Thread: BUG #5219: Segfault in to_tsvector
The following bug has been logged online: Bug reference: 5219 Logged by: Kenaniah Cerny Email address: kenaniah@gmail.com PostgreSQL version: 8.4.1 Operating system: Centos5.2 -- Linux 2.6.18-92.1.10.el5 #1 SMP i686 athlon i386 GNU/Linux Description: Segfault in to_tsvector Details: Full backtrace: http://pgsql.privatepaste.com/5411abf8f3 The issue takes place running this query: http://pgsql.privatepaste.com/35064cbba8 Crash is attributed to this index definition: CREATE INDEX "anime_titles_idx_name_simple_text" ON "public"."anime_titles" USING gin ((to_tsvector('simple'::regconfig, name))); I believe the issue is caused by possibly non-UTF-8 data.
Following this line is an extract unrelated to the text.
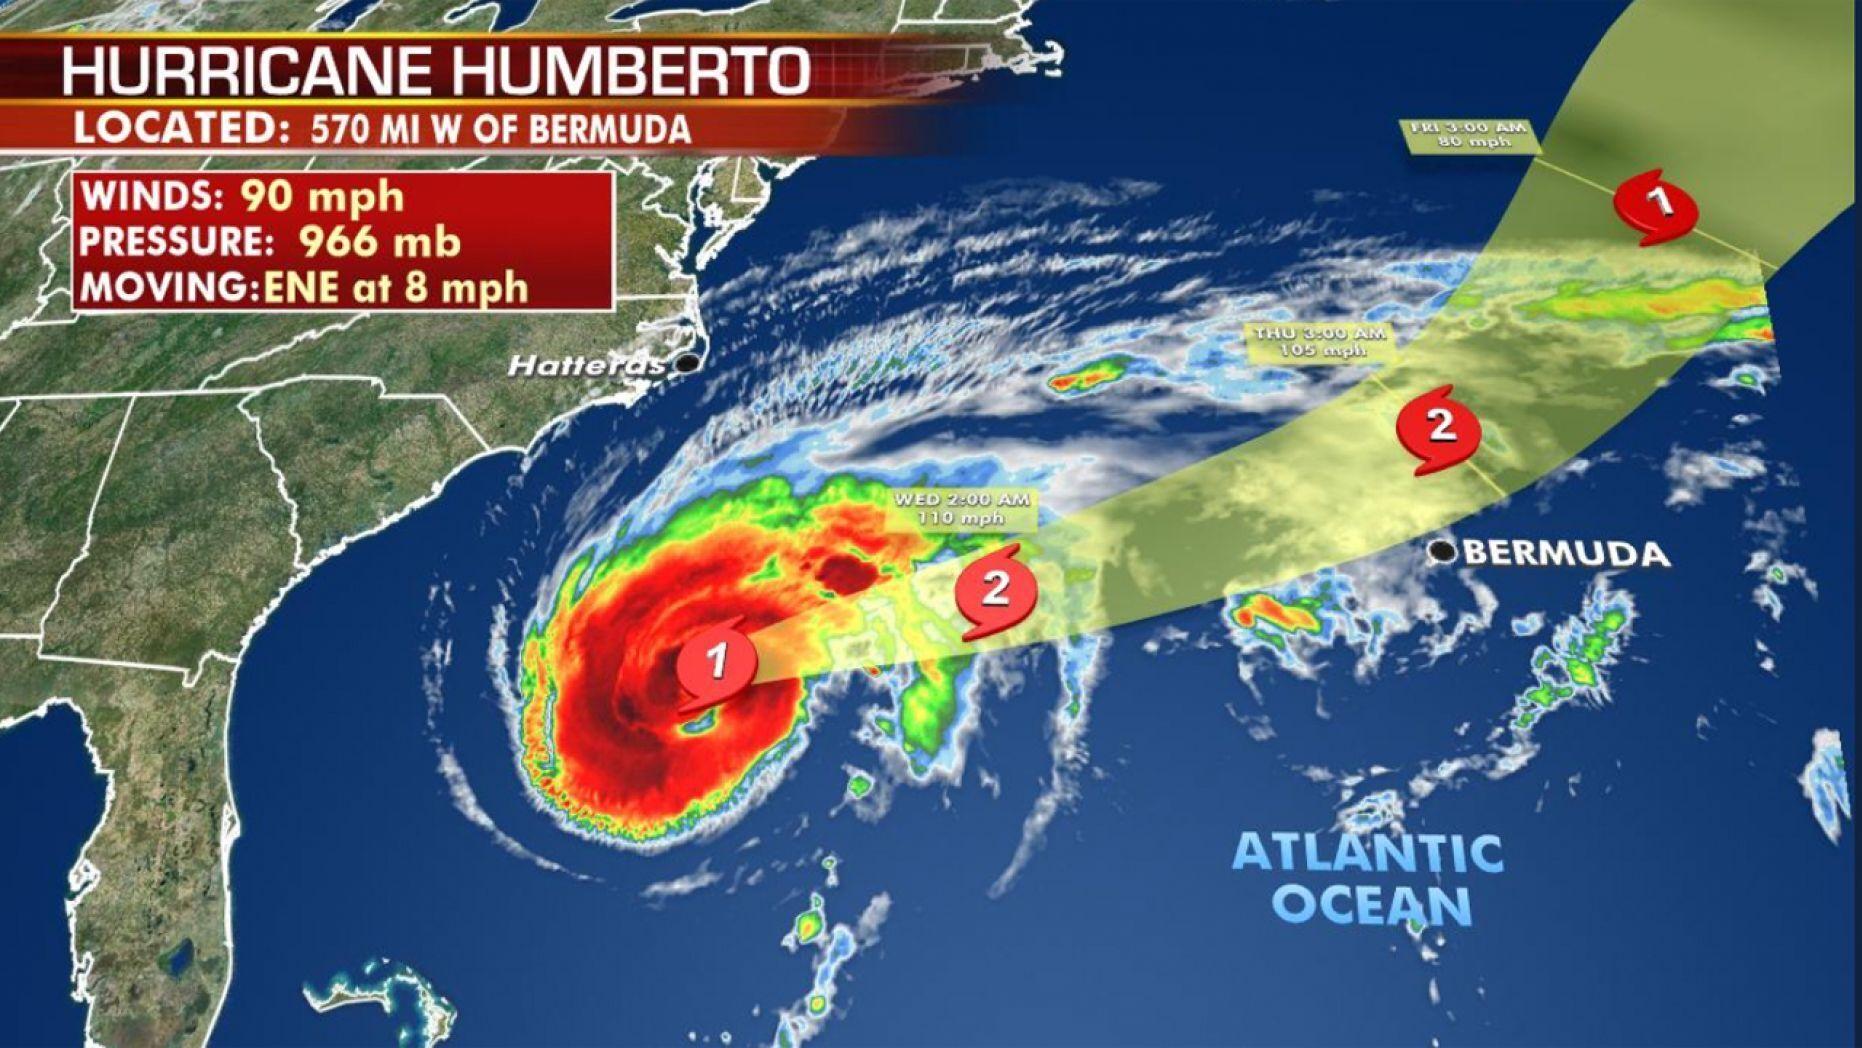 Hurricane Humberto Hurricane Season Hurricane National Hurricane Center

Both the server and the client (a PHP script using PDO's pgsql driver) are using UTF-8. The string causing this issue is stored in the database in a text field and looks like this: http://s801.photobucket.com/albums/yy299/kenaniah972/?action=view¤t=is sue.png After output into an HTML input field and resubmission through firefox, the string that is passed through to the DB looks like this: http://s801.photobucket.com/albums/yy299/kenaniah972/?action=view¤t=su bmitted.png (The characters were manually omitted in submission) I don't profess to know anything about encodings, but I don't think this is valid UTF-8 input. I might be wrong. All I do know is that this causes the to_tsvector part of the gin index to throw a segfault in the insert statement, rather than returning an invalid UTF-8 input error or just plain working.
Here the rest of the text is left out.